First a priest and then a Levite came by, but both avoided the man. Finally, a Samaritan comes
by. Samaritans and Jews generally despised each other, but the Samaritan helps
the injured man. Jesus is described as telling the parable in response to the
question from a lawyer as we see in today’s gospel: “And who is my
neighbour?” whom Leviticus 19:18 says should be loved. Jesus answers his question in
the light of the parable. It is pertinent to note that among the synoptic
gospels (Matthew, Mark and Luke), Luke is the only evangelist who narrates the
story of the Good Samaritan. Does this make any meaning to us? The theology of
the New Testament vis-à-vis the gospels, reveals the peculiarity of each gospel
and its targeted audience respectively. For Luke, the recipients of his gospel
are the less privileged, the sinners, the poor, women, the Samaritans etc.
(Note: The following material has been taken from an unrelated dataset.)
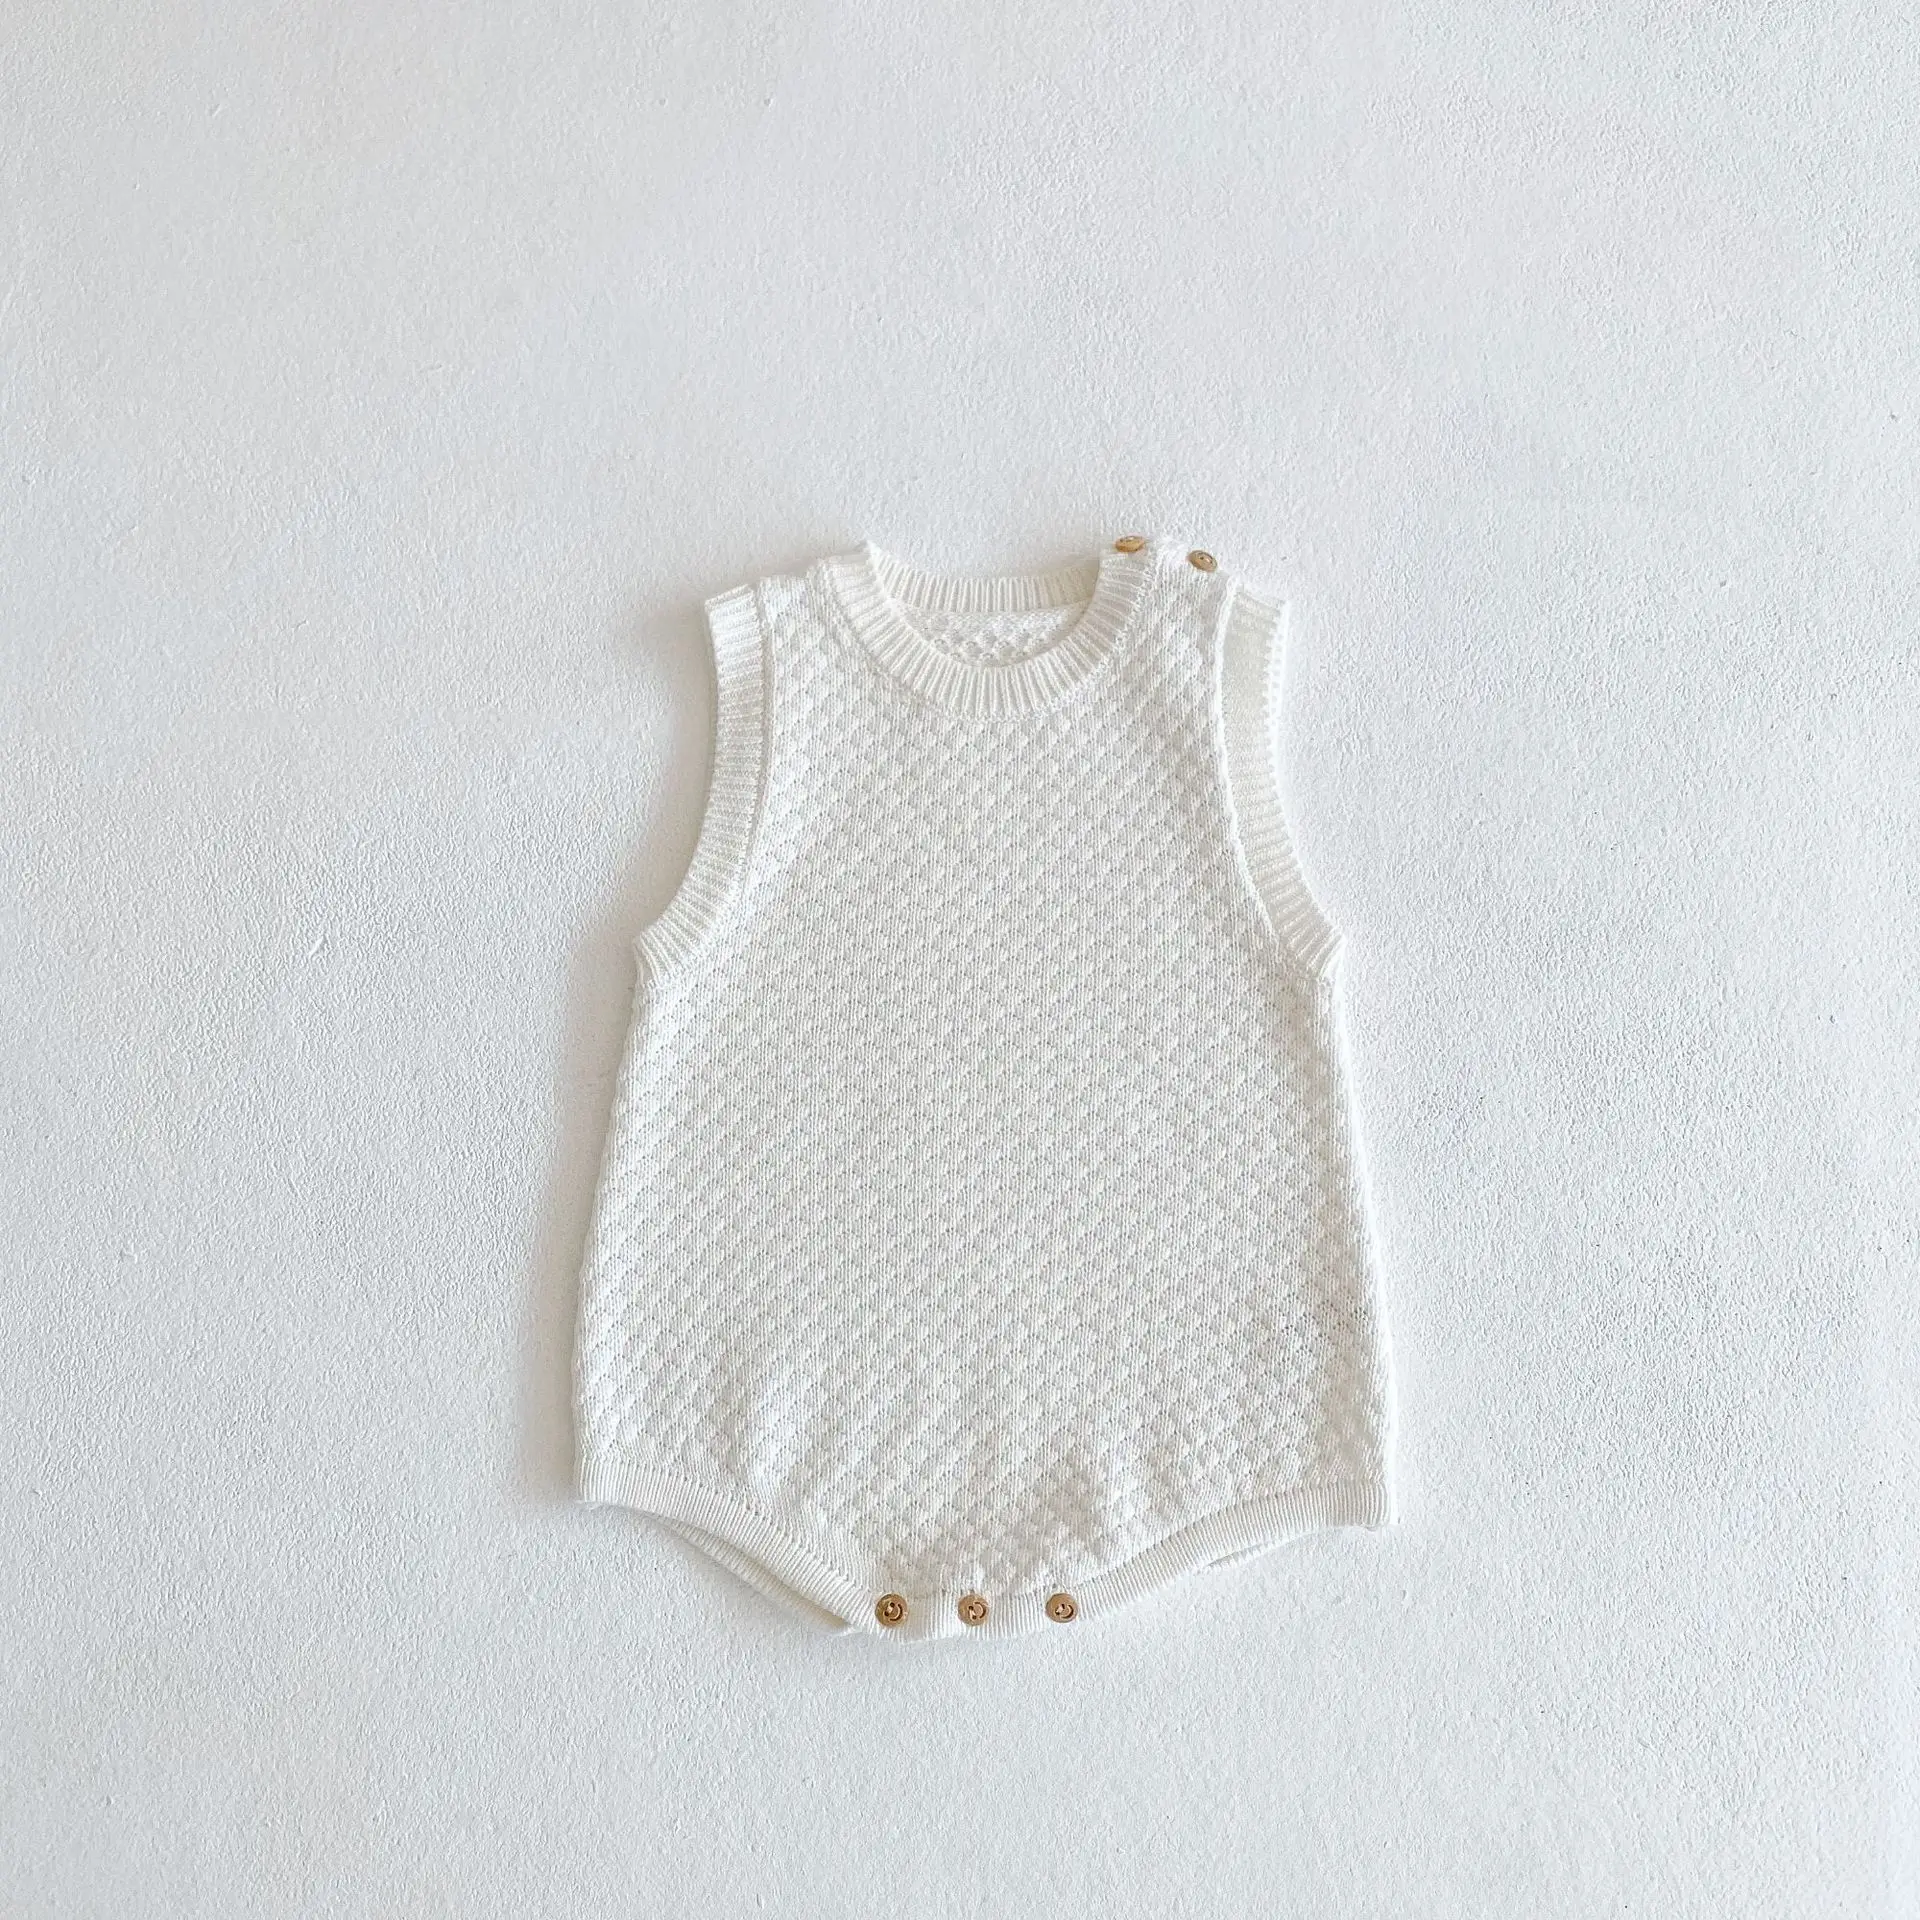 baby bodysuit dress 2022 spring clothing infant baby sweater round neck solid color cotton yarn knitted romper Coat two-piece suit girl clothes cute baby bodysuits Baby Rompers

These
we see in Luke 4:18-19; that is, Christ at the beginning of his Galilean
Ministry declared his mission statement by quoting the prophet Isaiah: “…He has
sent me to proclaim liberty to captives, sight to the blind, to let the oppressed
go free…” These characteristics of the gospel of Luke are different when
compared with the other synoptic gospels.
Having said
these, the next question that may come in mind is: who are the Samaritans, and
why was Christ so interested in them in the gospel of Luke that he made them
models of appreciation (Luke 17:11-19) and exemplary charity and mercy, as we
see in today’s gospel?  The Samaritans were
people who lived in what had been the Northern Kingdom of Israel. Samaria, the
name of that kingdom’s capital, was located between Galilee in the north and
Judea in the south. The Samaritans were a racially mixed society with Jewish
and pagan ancestry. Although they worshiped Yahweh as did the Jews, their
religion was not mainstream Judaism. They accepted only the first five books of
the Bible as canonical, and their temple was on Mount Gerazim instead of on
Mount Zion in Jerusalem (Jn 4:20).
The Samaritans of
Jesus’ day were strict monotheists. In some respects they were stricter than
Jews about the commands of the Mosaic Law, especially the Sabbath regulations,
but they did not share the Jewish stricture against pronouncing the divine name
Yahweh in their oaths. Because of their imperfect adherence to Judaism and
their partly pagan ancestry, the Samaritans were despised by ordinary Jews.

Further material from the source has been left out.